You are at least partially right when you say the Bible is not about history. In fact, it is history only of the Jews relative to the Jews. After Jerusalem was rebuilt under Persian rule, it came under Greek, then Roman rule. None of these earth shaking events are recoded in the Hebrew scriptures; and Rome was not mentioned until the time of Christ. They are not important to the OT because it was recorded for the sole purpose of identifying the messiah. At least that's what Paul said at Galatians 3:24.
Setanta
 
  1  
Reply Thu 22 May, 2014 02:55 pm
@neologist,
No, it's no history at all, not of the Jews, not of anyone. You really have no shame.
neologist
 
  1  
Reply Thu 22 May, 2014 11:03 pm
@Setanta,
Setanta wrote:
You really have no shame.
Thanks for noticing.
The world is full of religionists who bear shame for the hardship and misery and bloodshed they have caused through the ages.
0 Replies
 
Setanta
 
  1  
Reply Fri 23 May, 2014 03:37 am
But of course, your hands are clean. Hypocrite.
Brandon9000
 
  1  
Reply Fri 23 May, 2014 03:46 am
Still waiting for the claimed other evidence.
0 Replies
 
ssami8
 
  0  
Reply Fri 23 May, 2014 06:17 am
@fresco,
Each individual dimension of your so called science was founded by the people who had the privileged access to science via our holy book. This is our contribution to the humanity as a whole. I agree in recent ages we are far behind due to our own issues..

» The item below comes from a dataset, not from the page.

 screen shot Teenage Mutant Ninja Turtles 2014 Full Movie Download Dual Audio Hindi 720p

http://www.irfi.org/articles2/articles_3151_3200/the%20great%20muslim%20scientists%20of%20all%20timehtml.htm

http://www.famousscientists.org/famous-muslim-arab-persian-scientists-and-their-inventions/
ssami8
 
  0  
Reply Fri 23 May, 2014 06:19 am
@fresco,
I don't see monks coming out from jungles being human??? haven't even heard of it. Is the evolution stopped?
jespah
 
  1  
Reply Fri 23 May, 2014 07:09 am
@ssami8,
Evolution goes on pretty damned constantly. You're not thinking on an evolutionary scale - change occurs over time. And you're also not thinking on a scale beyond human - evolution occurs in mice, in insects, and in bacteria, all of which have far shorter generations than we do, and so their changes are easier to spot.
0 Replies
 
fresco
 
  1  
Reply Fri 23 May, 2014 07:44 am
@ssami8,
Are you seriously claiming that the achievements of the recent scientists on your list were referenced directly to specific passages in the Koran ? If so, I challenge you to present the evidence.

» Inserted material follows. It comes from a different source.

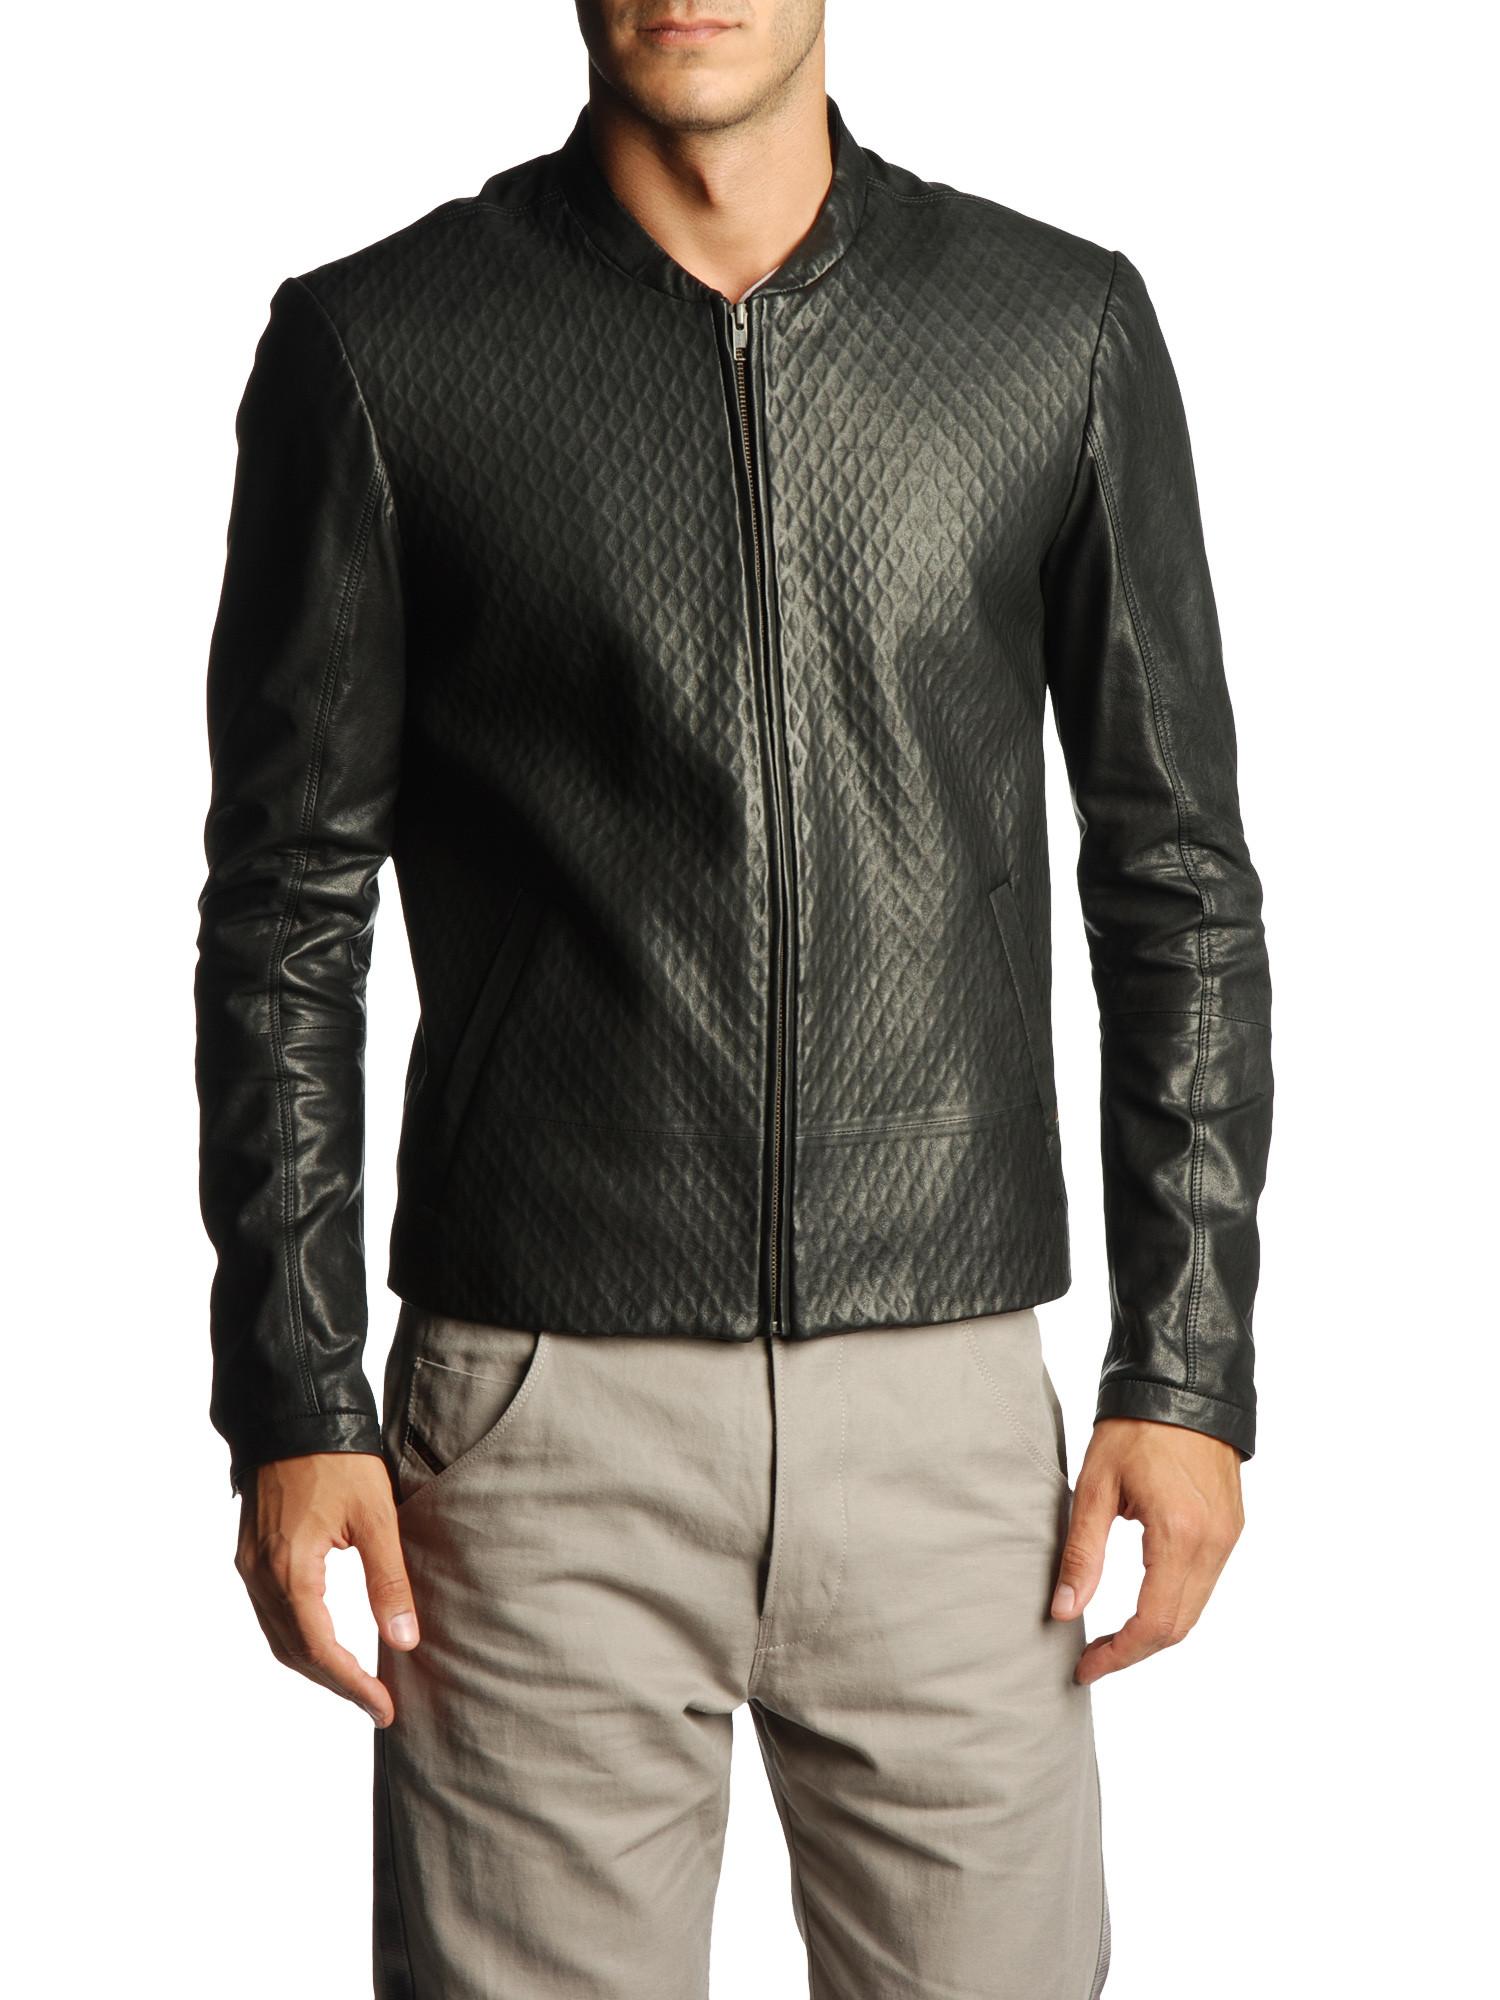 цена Одежда из кожи Diesel  BLAC GOLD LENSI онлайн в 2017 году

I note that several of the recent ones are ex-patriots who found it necessary to complete their education in western institutions. How many of those are you claiming are practicing Muslims ?
0 Replies
 
fresco
 
  1  
Reply Fri 23 May, 2014 07:53 am
@ssami8,
Evolution certainly seems to have stuck for those homo sapiens who have failed to progress beyond the aggressive tribalism exhibited by their primate ancestors ! Wink
timur
 
  1  
Reply Fri 23 May, 2014 08:45 am
@fresco,
Yep, I share that view.

It seems to me that man has attained a stage where his evolution is a voluntary process.
0 Replies
 
Setanta
 
  1  
Reply Fri 23 May, 2014 08:57 am
We have removed the evolutionary process from our bodies to libraries, universities and research institutions.